Sull’indirizzo da dare alle risorse economiche ha posto l’accento Luigi Marattin, presidente della Commissione Finanze della Camera: “Il Parlamento è sovrano e può cambiare i termini della legge delega sulla riforma fiscale, ma il punto è come e all’interno di quale quadro. Alle spalle c’è un lavoro parlamentare di un anno con una larga condivisione. Si deve decidere adesso su come utilizzare gli 8 mld di euro destinati alla riduzione delle tasse e poi sui diversi decreti legislativi. Vorrei che ci fosse un accordo complessivo sistemico che valorizzi il lavoro svolto da parlamento e governo, altrimenti temo seriamente che ci troveremo a spendere queste risorse in modo disomogeneo. Con 4 o 5 interventi da 1 mld l’uno senza produrre alcun effetto macroeconomico. Le risorse – ha osservato Marattin – vanno concentrate in un’unica direzione. Riusciremo a farlo in questo bailamme che coinvolge anche l’elezione del Capo dello Stato? Il lavoro istruttorio c’è già; adesso si deve decidere con un ampio accordo politico”.

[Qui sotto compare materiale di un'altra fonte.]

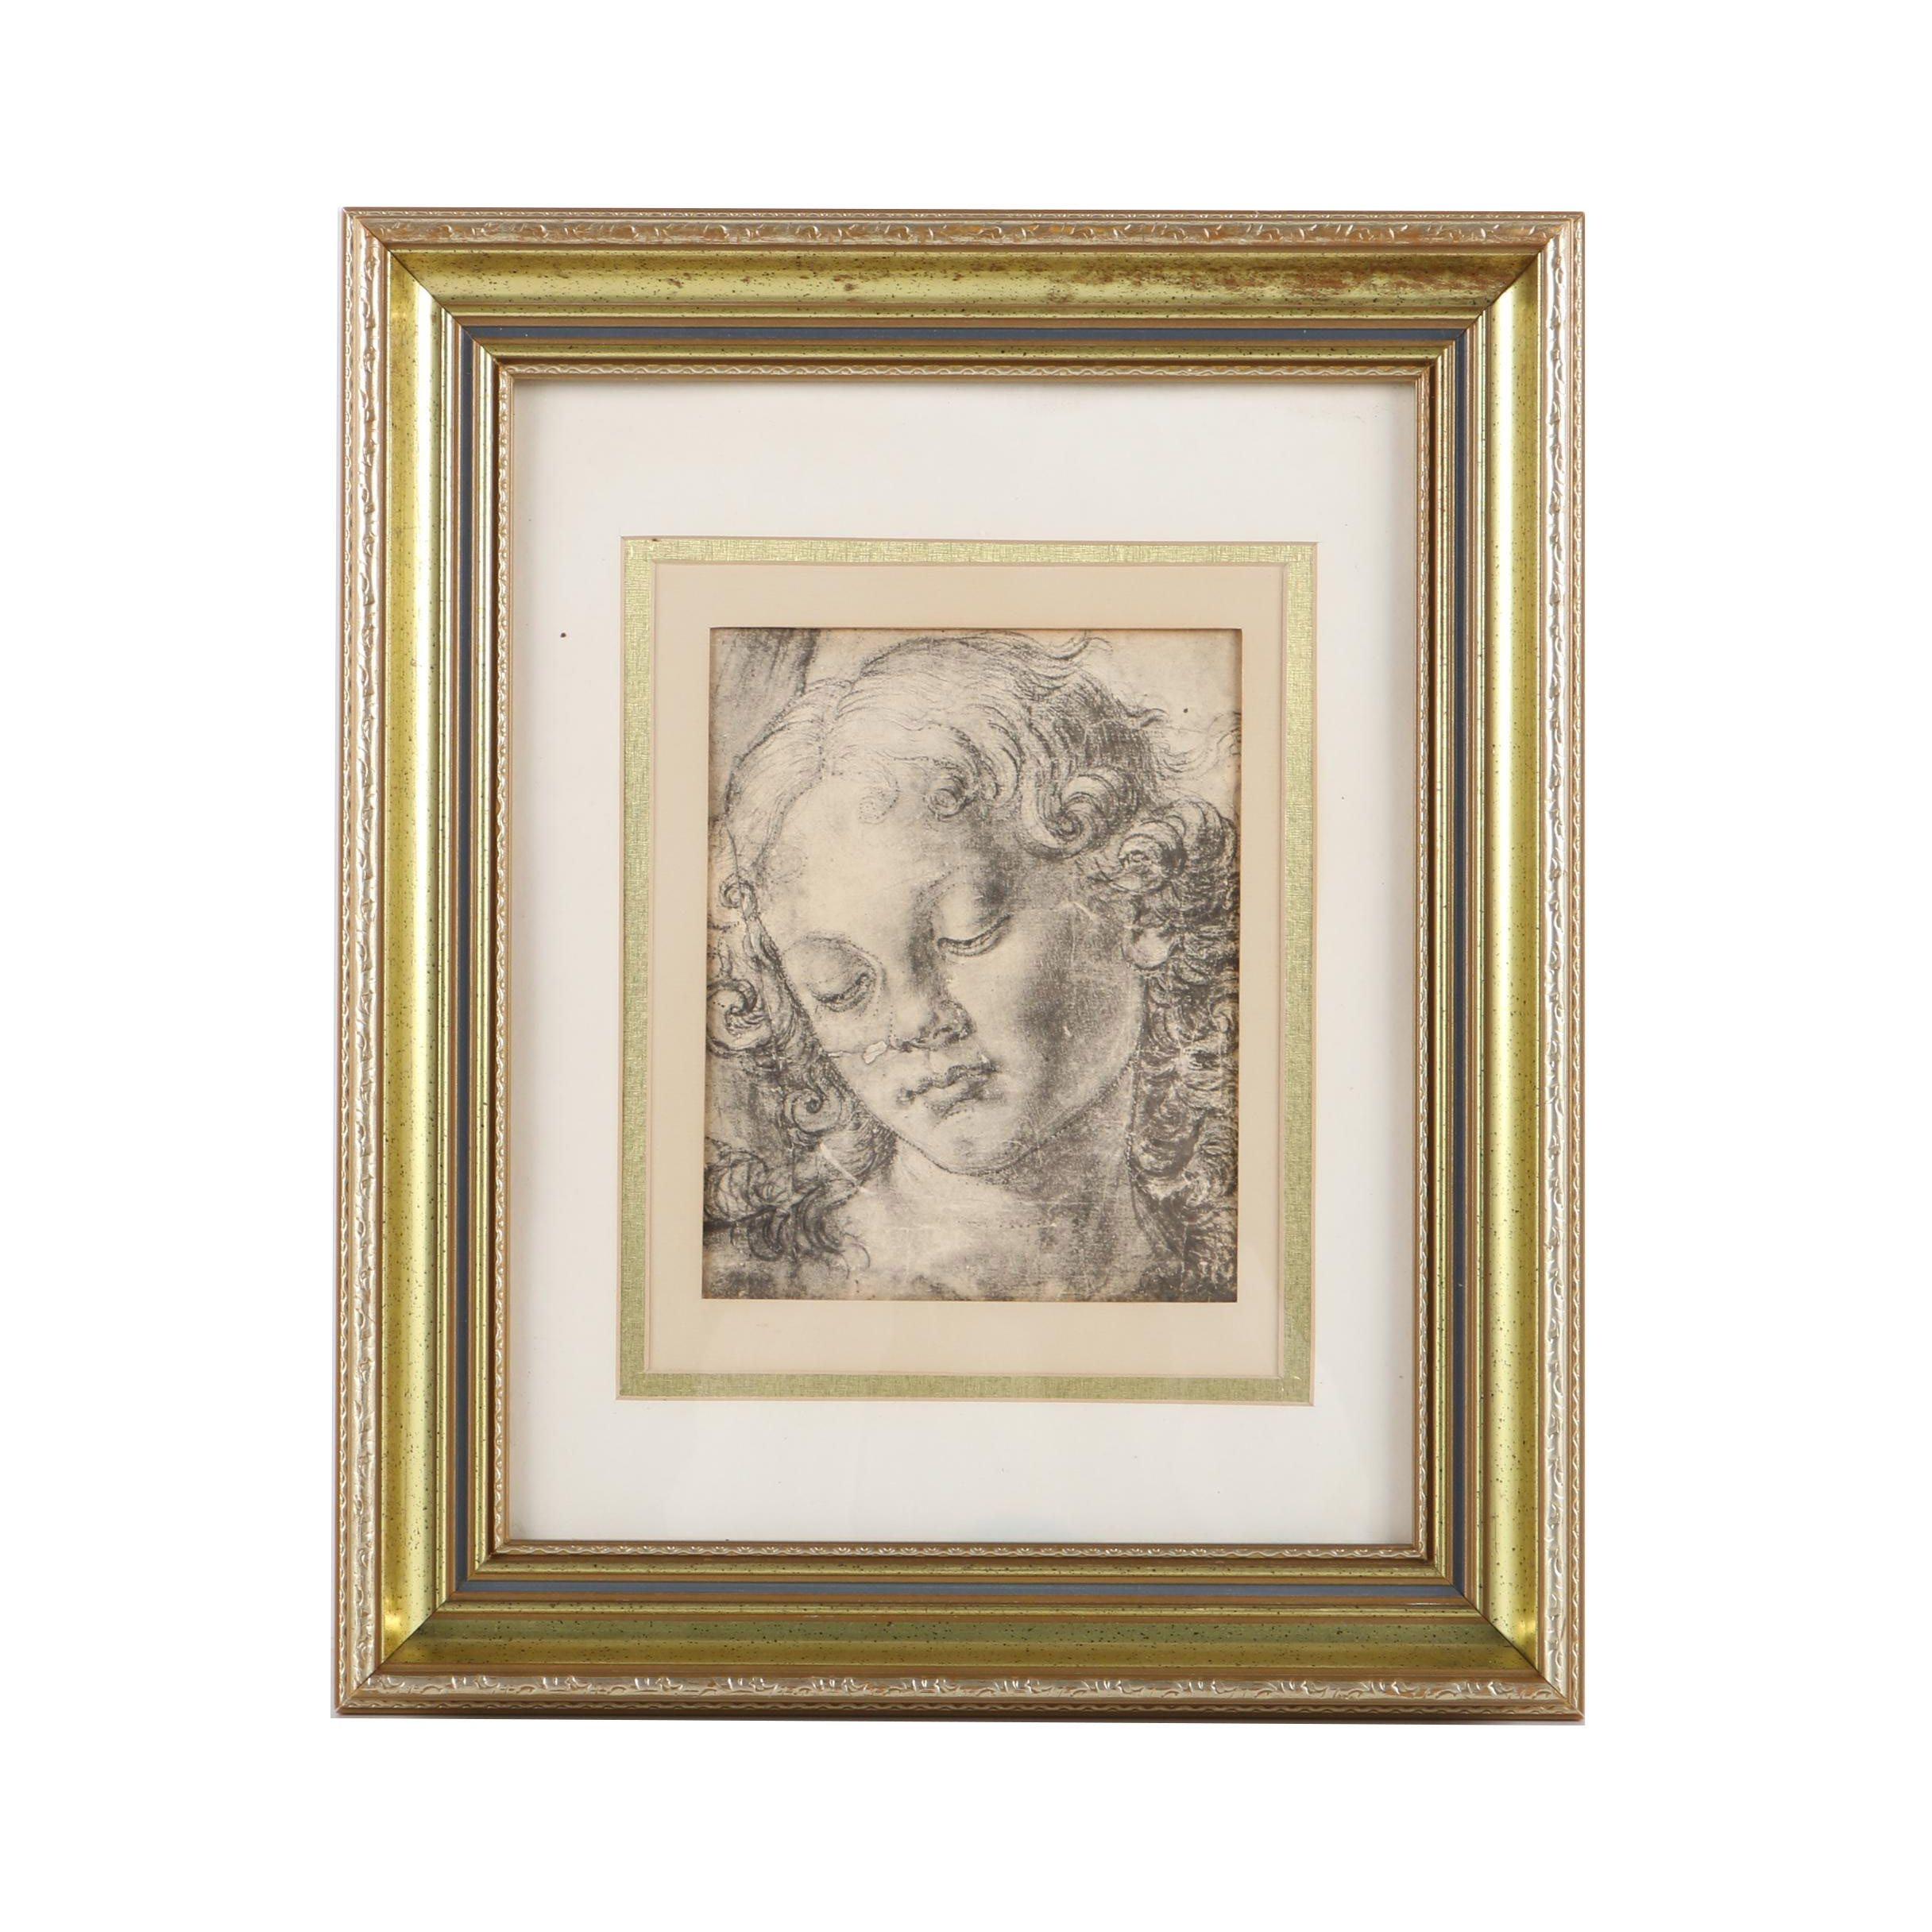 "Halftone Print on Paper After Andrea del Verrocchio ""Head of a Woman"""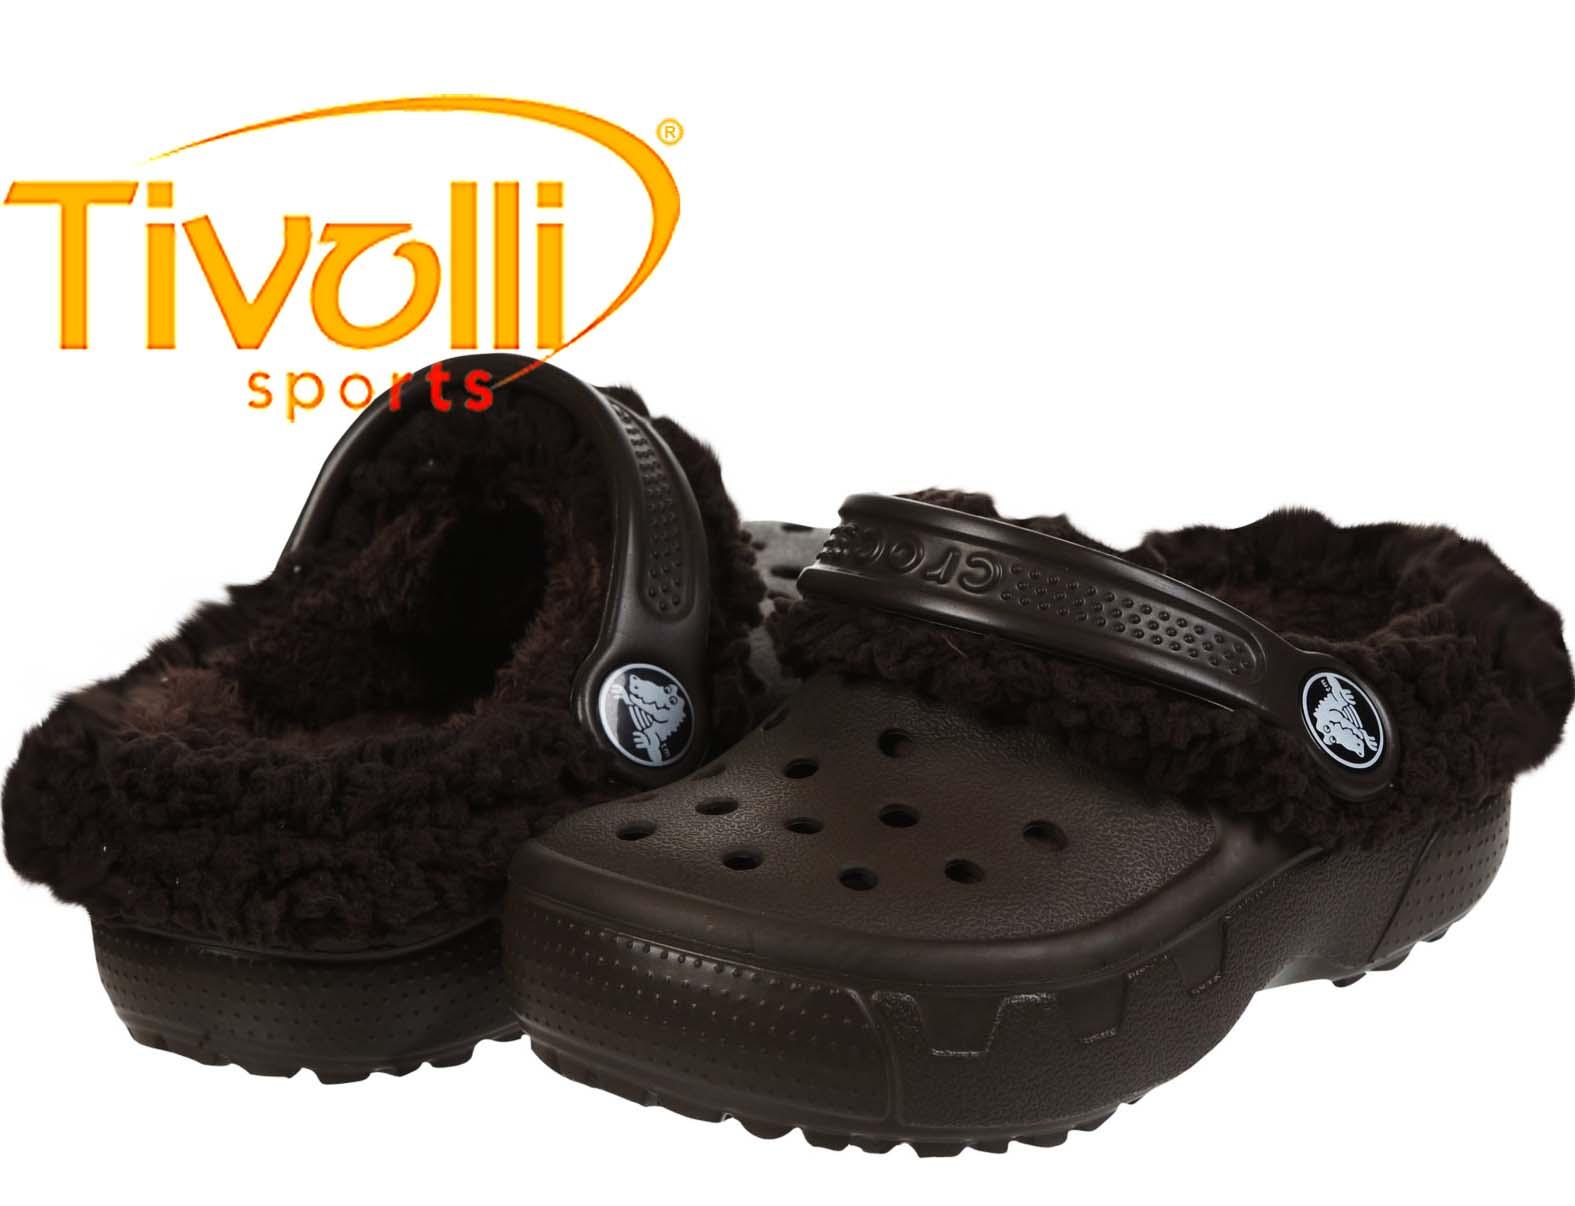 af2394f1b0228 Crocs Mammoth EVO Clog Infantil   Marrom Espresso

Sull’impiego dei fondi europei è intervenuto anche Gilberto Pichetto Fratin, viceministro allo Sviluppo economico: “Dobbiamo riuscire a conciliare le spese che i fondi europei ci consentono con l’esigenza di realizzare grandi infrastrutture, trasporti, banda larga e ancora l’impegno sulla formazione e valorizzazione del capitale umano. Per centrare questi obiettivi abbiamo a disposizione circa 192 mld di euro più 30 di fondi complementari ai quali vanno aggiunti oltre a 80 mld di fondi ordinari e  79mld del Fondo Sviluppo e coesione. E’ una sfida che il Paese deve vincere spendendo bene questi fondi anche se la storia dell’impiego dei fondi europei da parte dell’Italia non depone bene per noi.  Un’altra gamba del contratto che abbiamo siglato con l’Europa è quella delle riforme per creare le condizioni per un’Italia più moderna e vicina all’Europa nelle regole. Bisognerà trovare una mediazione tra le diverse forze politiche che compongono questa ampia maggioranza – ha sostenuto il viceministro al Mise – , per trovare nuovi accordi su occupazione, sul fisco e su tutti i punti per i quali abbiamo gli occhi puntati dei partner europei”.
Elbano de Nuccio, presidente dell’Ordine dei dottori commercialisti e degli esperti contabili di Bari ha sottolineato la necessità di passare da una politica fiscale di sostegno a una politica fiscale di rilancio destinando le risorse a disposizione per creare un nuovo modello sistemico e non interventi spot. “L’ultima riforma vera – ha evidenziato – è stata realizzata con il decreto Visentin. Oggi quel meccanismo non funziona più. Il sistema tributario è vecchio e discriminatorio, ad esempio nei rapporti tra lavoratori autonomi e lavoratori dipendenti. A questo aggiungiamo che nel corso degli anni ci sono state centinaia di modifiche che hanno introdotto una stratificazione che rende confliggente e iniquo il sistema fiscale. Questo comporta la difficoltà di applicare le norme e, dunque, l’inefficacia delle norme stesse. Serve una semplificazione fiscale, non una mera revisione, come emerge dal testo del disegno di legge, che esplicita a parole i temi della semplificazione e della lotta all’evasione. Ma su come attuarle ci sono molte ombre e poche luci. Occorre un approccio sistemico – ha aggiunto de Nuccio – che preveda la riorganizzazione del corpus di norme fiscali, un incremento della compliance tra fisco e contribuenti e il coinvolgimento dei professionisti nei tavoli tecnici”.